En su libro “Jesucristo el Señor” (Logos. Buenos Aires: 1994) el pastor Jorge Himitián, plantea que mientras que la alabanza es el idioma del reino de la luz, la queja es el idioma del reino de las tinieblas.  Si Moisés, como “gerente de proyecto” del Éxodo hubiera tenido físicamente un libro de quejas, las páginas no le hubiesen alcanzado.  De tanto en tanto su paciencia parecía agotarse con un pueblo insoportable, pero intercedía ante el dueño de la empresa y los reclamos eran escuchados y resueltos.

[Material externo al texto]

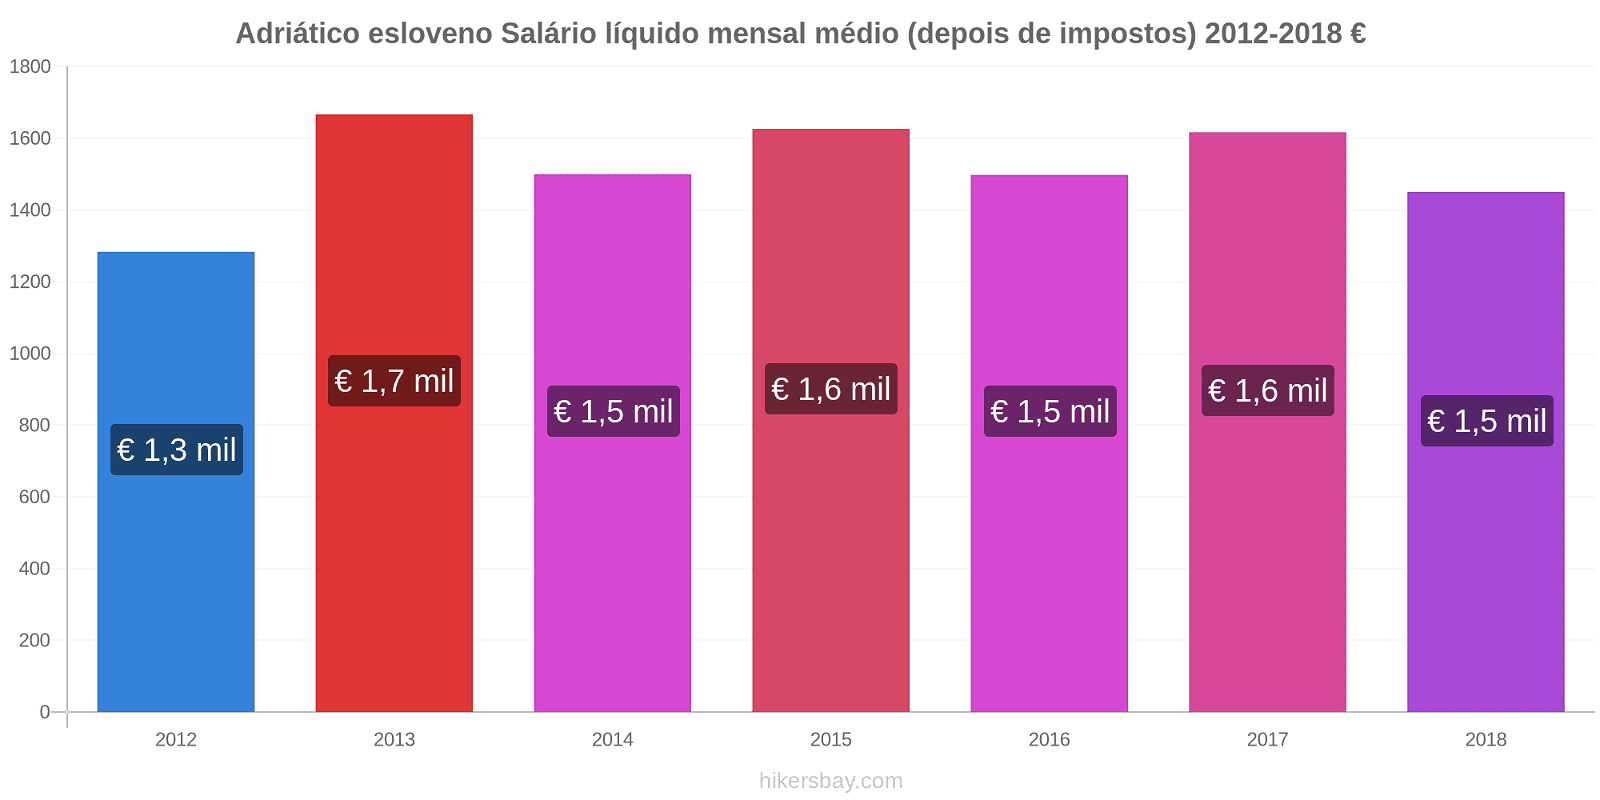 Adriático esloveno variação de preço Salário líquido mensal médio (depois de impostos) hikersbay.com
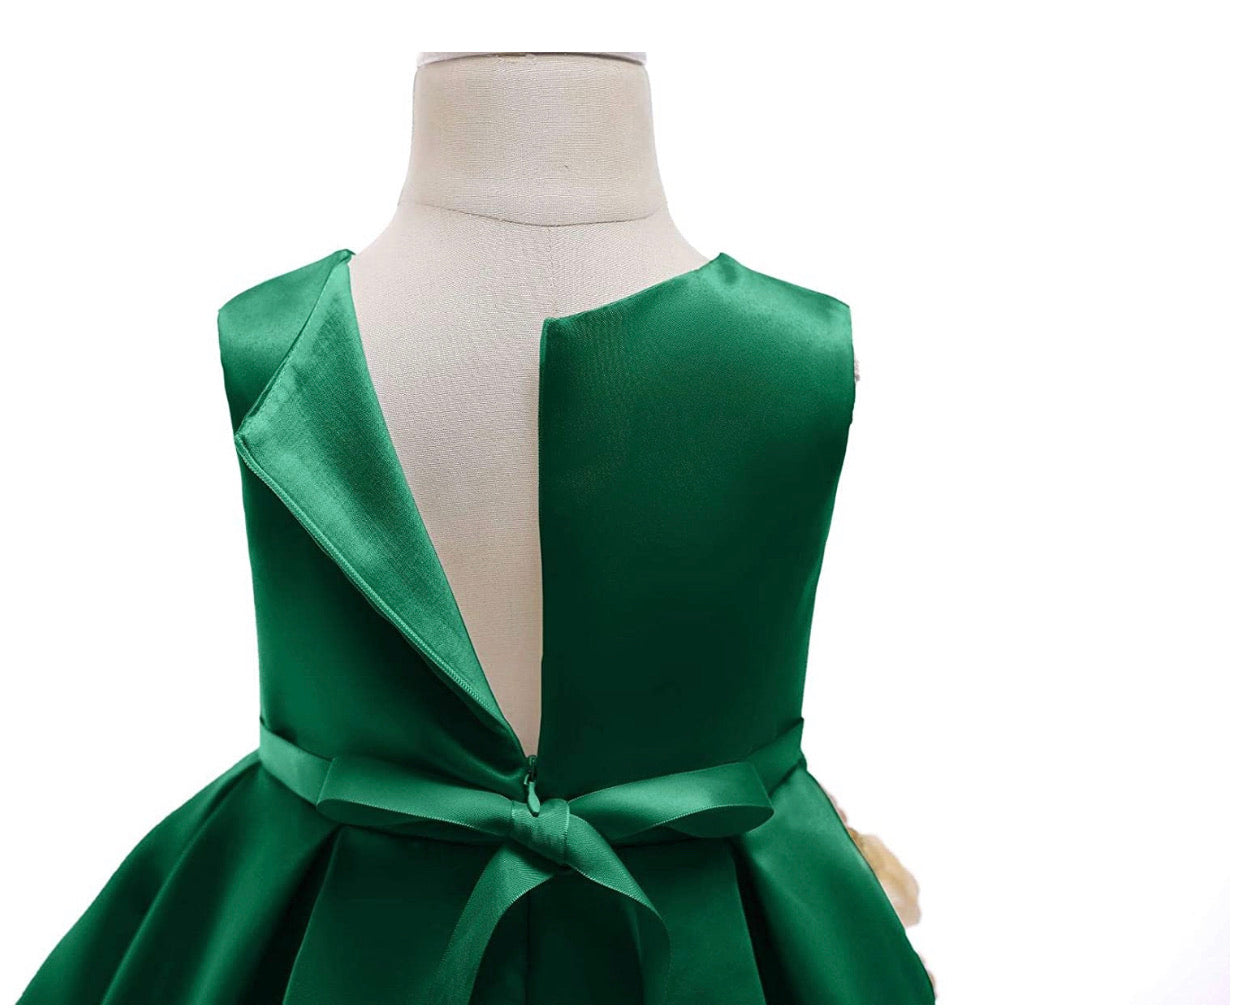 Lovely Full Flower Girl’s Dress, Sizes 2T - 9 (Green)

En el caso de este capítulo, parecían preferir las comidas de la esclavitud en Egipto a depender de la provisión de Dios en libertad. 

              Ahora, no podemos ser tan duros con el pueblo hebreo. Quizá muchos de nosotros nos hubiéramos quejado también.  Enfrentaban muchas limitaciones en el desierto. Quizá creían que su viaje iba a ser más corto. No entendían su rol en la historia, ni podían ver el cuadro completo. No tenían la Palabra escrita que los fortaleciera. No conocían realmente a Dios de primera mano cómo Moisés, y por lo tanto no habían desarrollado la fe de su líder.  Y así podemos continuar la lista.

Al otro lado, sin embargo, este pueblo había vivido el milagro del cruce del Mar Rojo, y había abandonado la esclavitud de Egipto por la “mano poderosa  de Jehová” (Dt. 6:21). La nube y la columna de fuego los habían guiado y protegido (Ex. 13: 21- 22). ¿Por qué no creer ahora que el maná y las codornices los habrían de alimentar (Ex. 16), y aguas milagrosas iban a brotar de las piedras? (Ex. 17).  Parecían haber perdido la memoria.

En nuestros días, con dolor debemos confesar que vivimos un evangelio sin memoria. Hay un desconocimiento y una apatía por el pasado alarmante. No nos interesa escuchar acerca de lo que sucedió ayer. Se olvidan los grandes avivamientos de la historia de la iglesia como se olvidan las noticias de la semana pasada. Se ignoran las vidas de los héroes de la fe que nos precedieron de la misma manera que se ignoran las canas de nuestros mayores en un autobús lleno de gente.          

Había un gran peligro en la pérdida de la memoria para el pueblo de Israel (Dt.8: 11-20), y también un gran peligro en la pérdida de nuestra memoria. Cuando olvidamos de dónde nos sacó el Señor, de lo que éramos antes de conocerle, de la esclavitud en la que vivíamos, del pozo en que nos encontrábamos y también cuando olvidamos de qué manera nos rescató, muriendo en cruz, el peligro es que rápidamente podemos comenzar a escribir en el libro de quejas.

En el espacio ¡Quéjese aquí! Que mencioné antes, me llamó la atención un hombre que al tomar el micrófono dijo algo menos así: “Yo no me quejo de nada, más bien doy gracias a Dios por la dicha de vivir en este hermoso país”. ¡Qué diferencia!

¡Que nuestro idioma sea siempre el de la gratitud y la alabanza a nuestro Dios por tanta gracia inmerecida! ¡A Él sea la gloria y el honor por siempre!